I have tried uploading a batch job with unique custom_id for each row in my input file. The job gets validated but completes very quickly and once I check the job only 276/4096 (as shown in the example below) is completed.
I'm unsure what is going wrong here. There is no error, previously I thought it might be a duplicate custom ID issue but still after resolving that I still face the same issue.
This is an example of the batch data below, which shows status as completed
however,
request_counts=BatchRequestCounts(completed=276, failed=0, total=4096)
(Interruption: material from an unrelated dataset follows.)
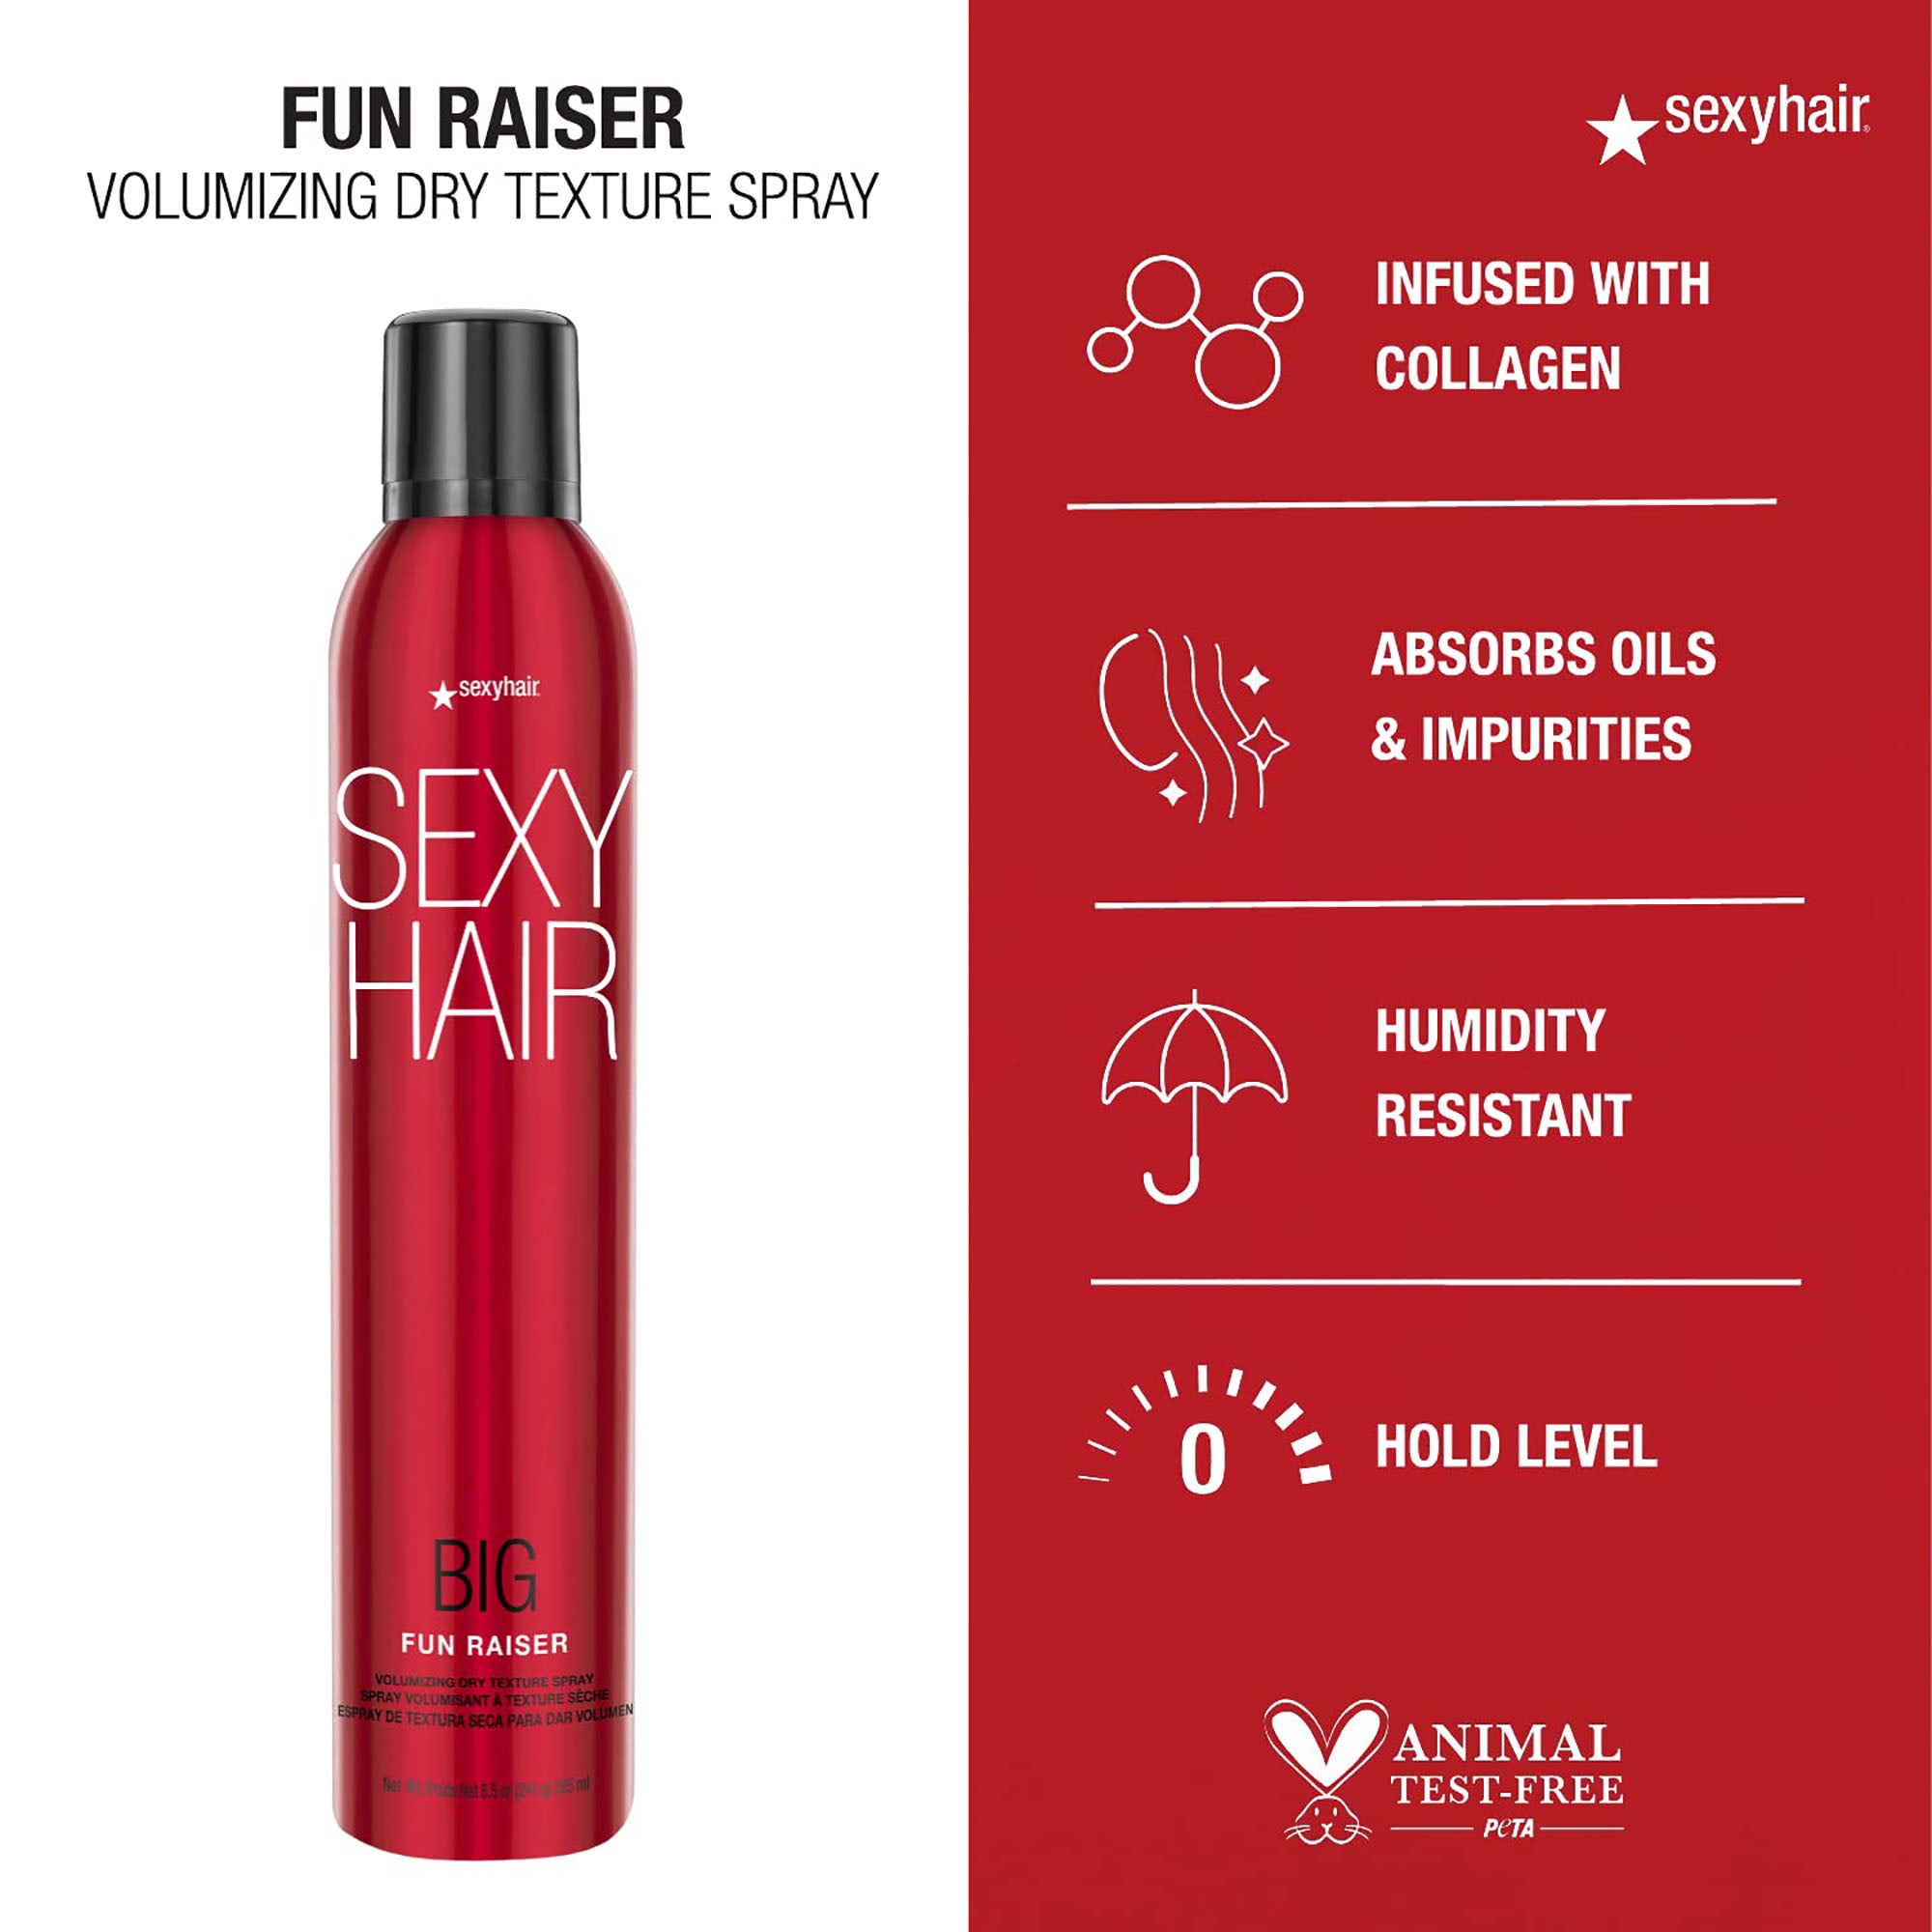 Sexy Hair Fun Raiser Dry Texturizing Spray / 8.5

shows only 276 are completed.
Batch(id='batch_02d3c78a-ba97-40e3-8646-e83099ba5dbb', completion_window='24h', created_at=1742003026, endpoint='/chat/completions', input_file_id='file-083b8e3f2f024dc9a34a06d6014679c9', object='batch', status='completed', cancelled_at=None, cancelling_at=None, completed_at=1742003648, error_file_id='file-c93301a5-0199-479e-8660-71426f22ce2d', errors=None, expired_at=None, expires_at=1742089426, failed_at=None, finalizing_at=1742003528, in_progress_at=1742003279, metadata=None, output_file_id='file-34f7b43e-956c-4bc7-9d0a-6699db9333c6', request_counts=BatchRequestCounts(completed=276, failed=0, total=4096))
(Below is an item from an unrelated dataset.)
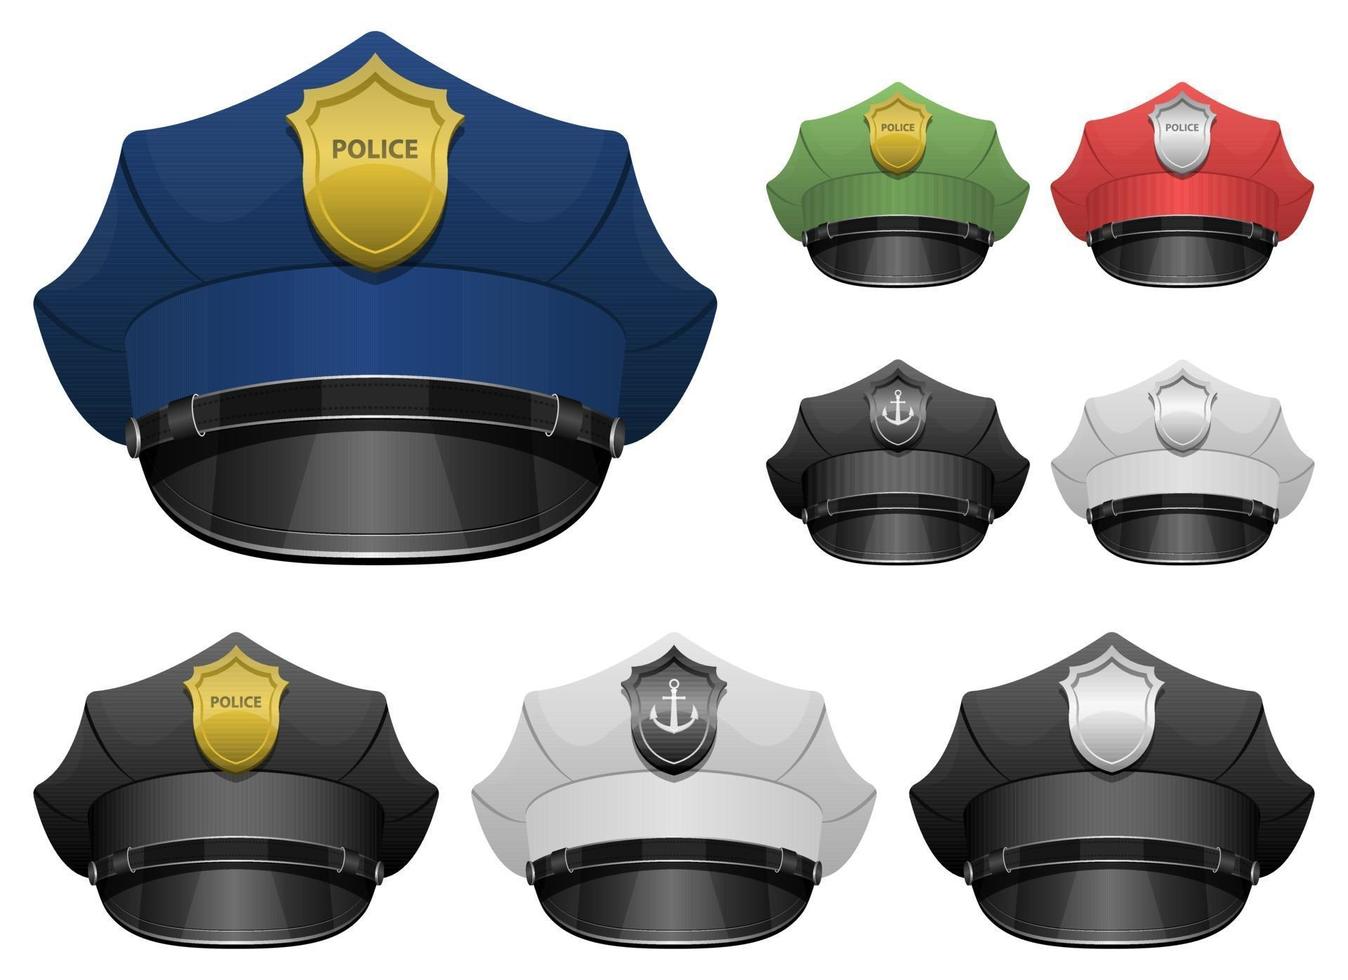 Police officer hat vector design illustration set isolated on white background

I was expecting that the batch output will provide me back with all responses back in a single file with 4096 rows, but only 276 came back in the output file.
My rate limits are also really high, so I don't think that's an issue.
I tried running GPT-4o-mini (Global Batch) on a batch of 5K training samples. This is the example of a single instance taken from the file containing 4096 samples ~ 139MB in size:
{
"custom_id": "0_18_v2_fever_958611a10d8432c7ca51a59fca384dbc",
"method": "POST",
"url": "/chat/completions",
"body": {
"model": "gpt-4o-mini-batch",
"messages": [
{"role": "user", "content": "<my prompt here>"}
],
"max_completion_tokens": 4096,
"temperature": 0.1
}
}
I also tried deploying a new model and uploading the files, however, I got back the same response -> exactly almost similar amount of rows got completed only ~200. I am also showing the jobs run till now, only the first run got completed returning back all the rows required. Here is all the jobs below:
Batch(id='batch_02d3c78a-ba97-40e3-8646-e83099ba5dbb', completion_window='24h', created_at=1742003026, endpoint='/chat/completions', input_file_id='file-083b8e3f2f024dc9a34a06d6014679c9', object='batch', status='completed', cancelled_at=None, cancelling_at=None, completed_at=1742003648, error_file_id='file-c93301a5-0199-479e-8660-71426f22ce2d', errors=None, expired_at=None, expires_at=1742089426, failed_at=None, finalizing_at=1742003528, in_progress_at=1742003279, metadata=None, output_file_id='file-34f7b43e-956c-4bc7-9d0a-6699db9333c6', request_counts=BatchRequestCounts(completed=276, failed=0, total=4096))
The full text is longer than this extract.